Lawan Anomali Pemilu Era Digital, Bawaslu Alor Bedah Modul Pengawasan Berbasis Teknologi.
|
Kalabahi, Humas Bawaslu Alor, Bawaslu Kabupaten Alor menggelar diskusi bedah modul terkait pemanfaatan pemodelan produktif dan deteksi anomali dalam pengawasan pemilu di era digital, Kamis (21/5/2025). Kegiatan ini diikuti Ketua dan Anggota serta Korsek bersama staf sekretariat Bawaslu Alor dengan pemateri internal Hasdar Bahri (Staf PNS).
Diskusi ini menjadi bagian dari upaya memperkuat kapasitas pengawasan pemilu berbasis digital sekaligus menjawab tantangan perkembangan teknologi dalam proses pengawasan ke depan.
Anggota Bawaslu Alor Therlince Loisa Mau menegaskan, pentingnya kesiapan sumber daya manusia dalam menghadapi transformasi digital pada sistem pengawasan pemilu.
“Kita harus mampu menjawab tantangan digital ke depan dan mempersiapkan digitalisasi pengawasan yang semakin berkembang,” ujarnya.
Sementara itu, Ketua Bawaslu Alor, Orias Langmau, mengakui penerapan sistem digital membawa manfaat besar, namun masih dihadapkan pada sejumlah tantangan, terutama kondisi geografis Kabupaten Alor yang luas serta keterbatasan sarana, prasarana, dan kemampuan sumber daya manusia dalam teknologi yang ada.

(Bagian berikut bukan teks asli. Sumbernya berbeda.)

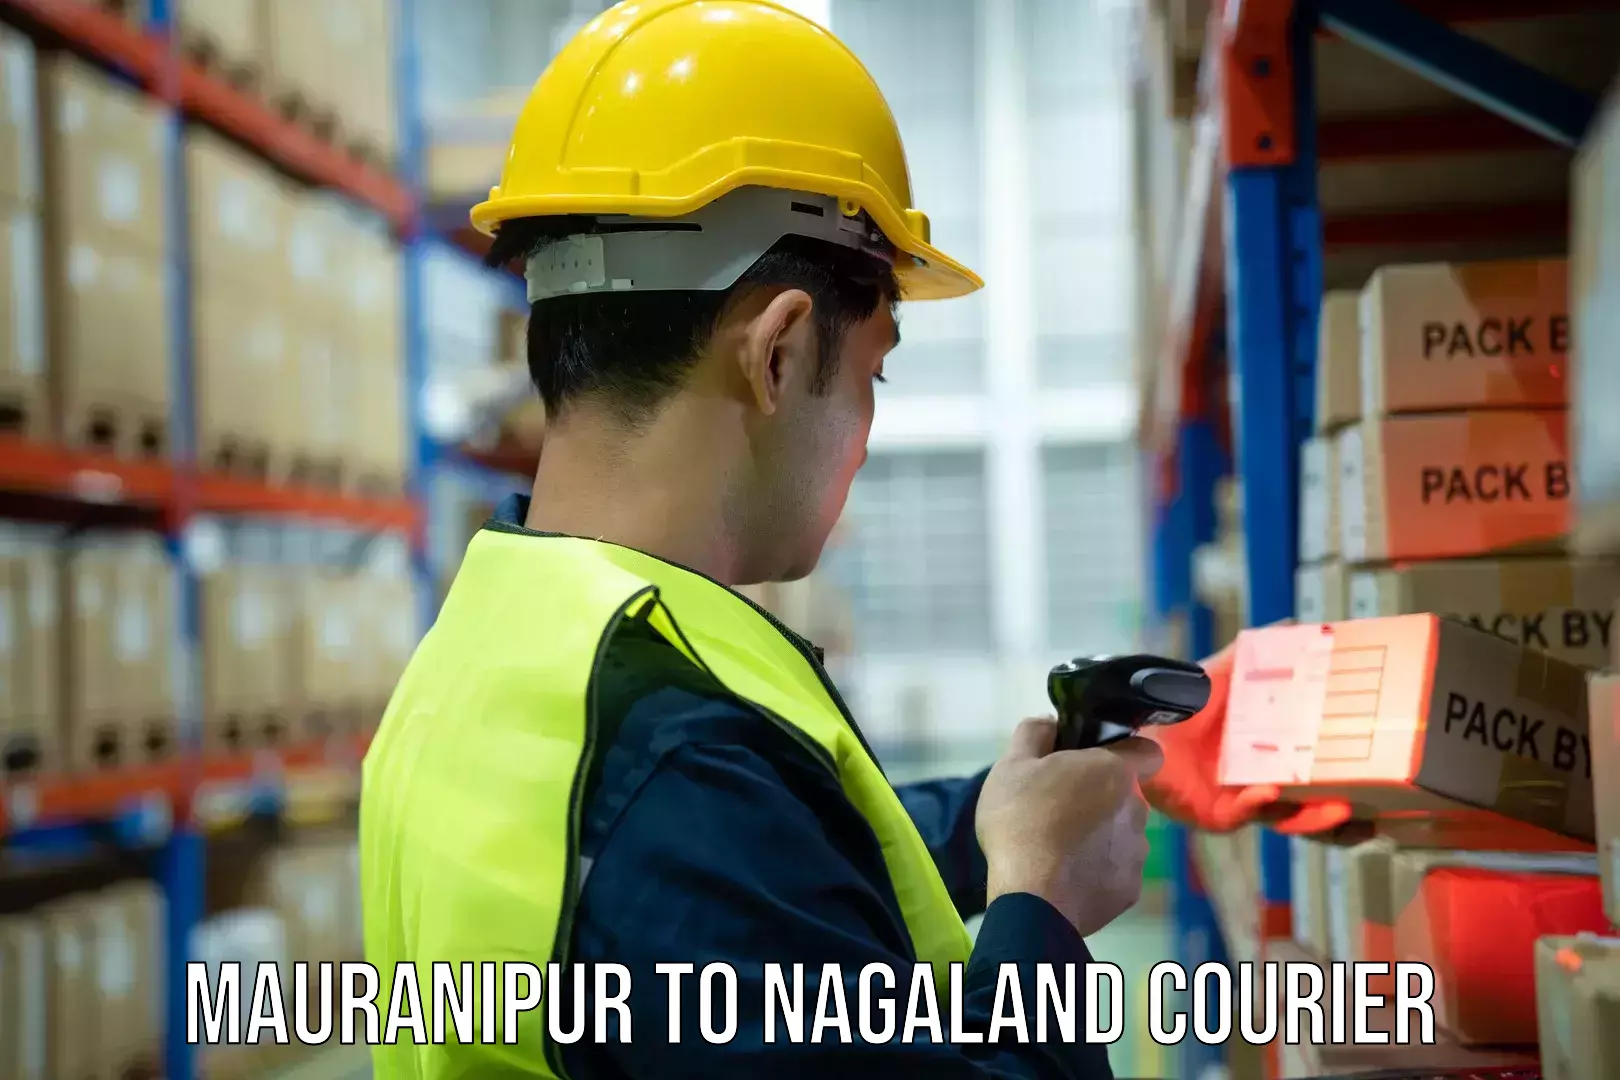 Urban courier service Mauranipur to Nagaland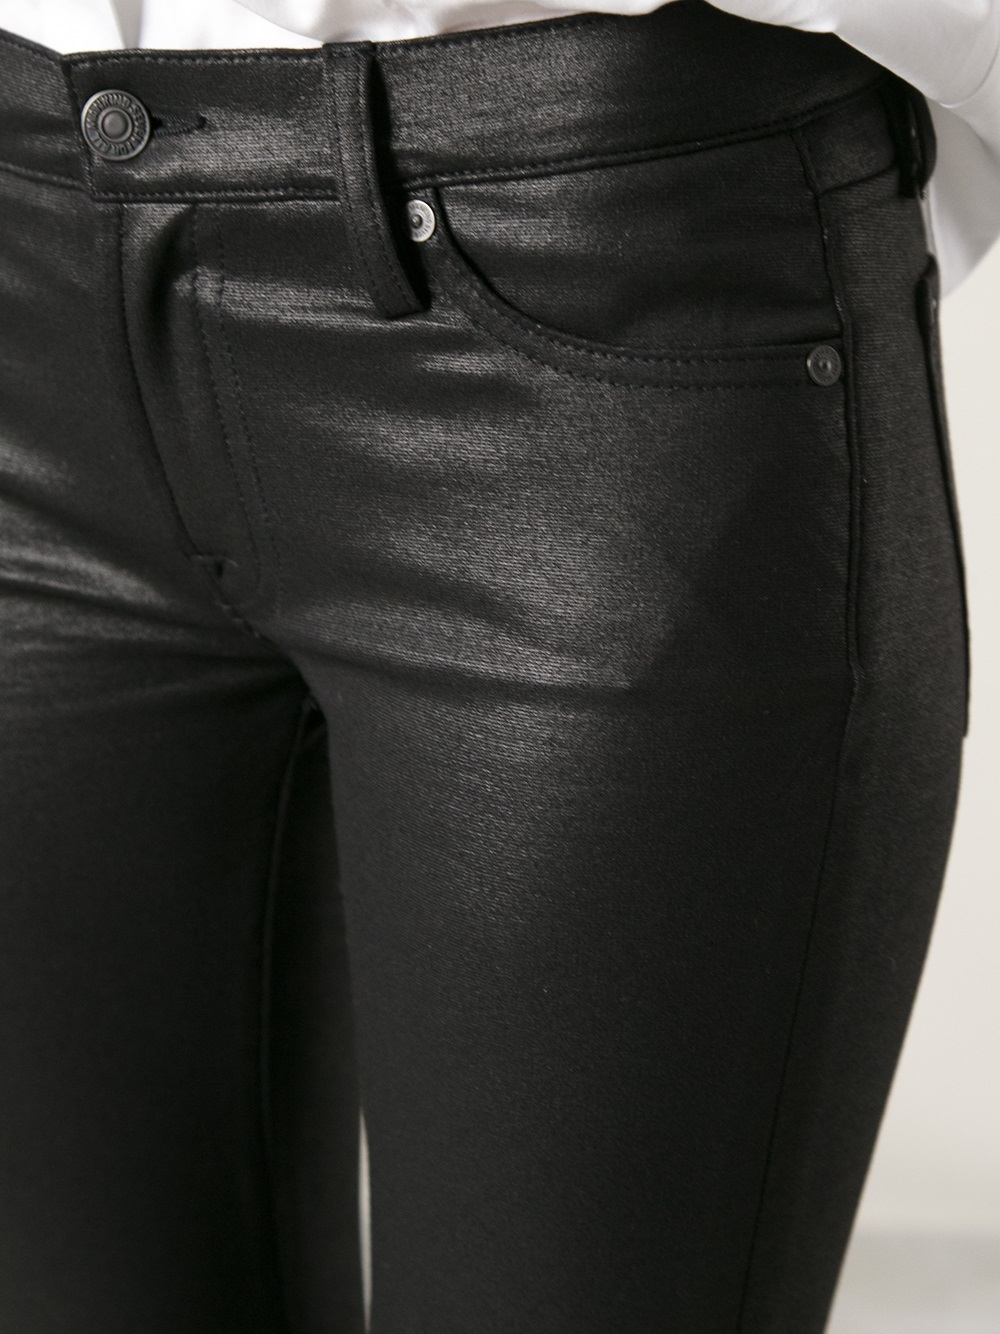 seven for all mankind black coated jeans

Menurutnya, kesiapan pengawas pemilu di tingkat bawah menjadi faktor penting dalam implementasi sistem pengawasan berbasis teknologi.
“Apakah pengawas pemilu di tingkat memiliki kemampuan serta sarana dan prasarana yang memadai. Tantangan ini menjadi hambatan terbesar yang perlu dijawab bersama,” kata Orias.
Ia menambahkan, diperlukan perencanaan jangka panjang untuk memperkuat kapasitas kelembagaan, termasuk peningkatan kemampuan sumber daya manusia agar mampu mengembangkan dan mengendalikan sistem digital dalam proses pengawasan pemilu.
Selain itu, evaluasi terhadap berbagai kendala yang dihadapi selama pelaksanaan pengawasan sebelumnya juga menjadi perhatian agar dapat diantisipasi pada tahapan pemilu mendatang.